I cried in deep resonation when I read this part. Because just the past Christmas, I listened to this song on repeat. I felt like him, didn’t have much but the little gift of language and writing that I wasn’t even sure about. I acted on the identity God called me, a writer, and started to live like one by blogging weekly. I brought the gift to God, and He used it to bless someone today or last week, or last month. Maybe that someone was you.

My friend, He indeed gives every one of us good gifts. The gifts aren’t just writing or painting, or any other things you love doing. Mothering, homemaking, marriage, and friendships— every aspect of our life is a gift from God, a blank canvas for us to create, put on strokes and colours of our choice.

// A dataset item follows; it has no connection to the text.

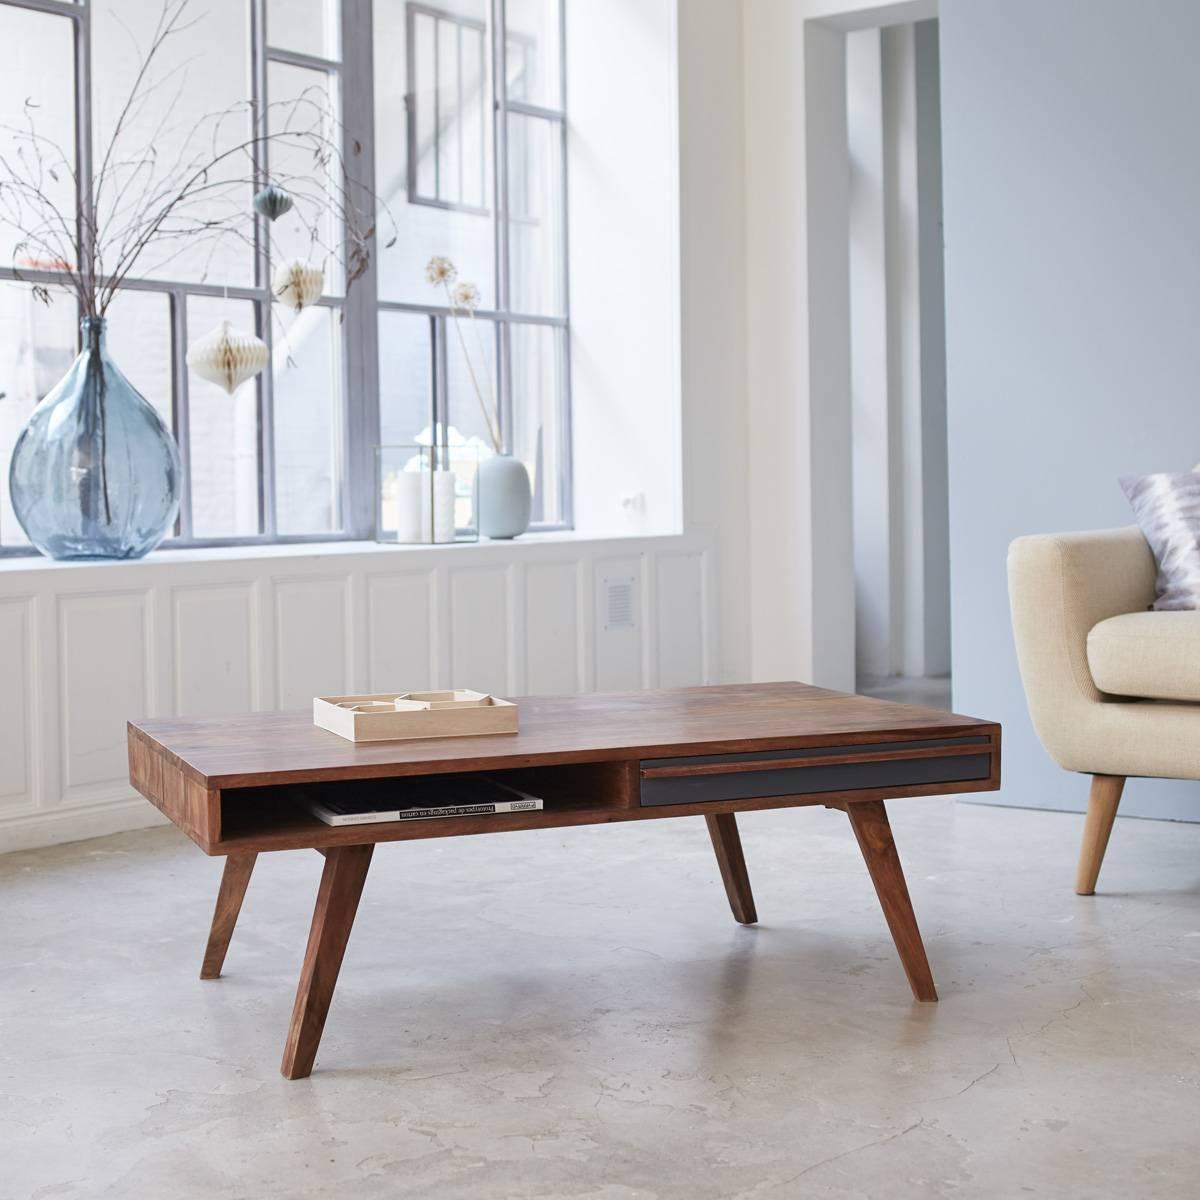 Solid Sheesham Coffee Tables - Square Sheesham Coffee Tables within Sheesham Coffee Tables (Image 22 of 30)

That little drummer boy didn’t have to play the drum for the King. He could have belittled his drumming skills and given in to the sense of inadequacy. Perhaps it was what others had said to him: “Oh, you are not good enough. You didn’t go to school for it. You don’t have the right skills.”

How to see and use our gifts is entirely our choice. Whatever discouraging things you have heard when you position to bring your gifts to the King, my friend, let those words slip off you. What you have is what’s appreciated and needed because your gifts are from God to work for His glory. He has named you and called you.

You are a writer, a poet, a painter, a designer, an engineer, a homemaker, a mother, a wife, a friend, an artist. Live like one.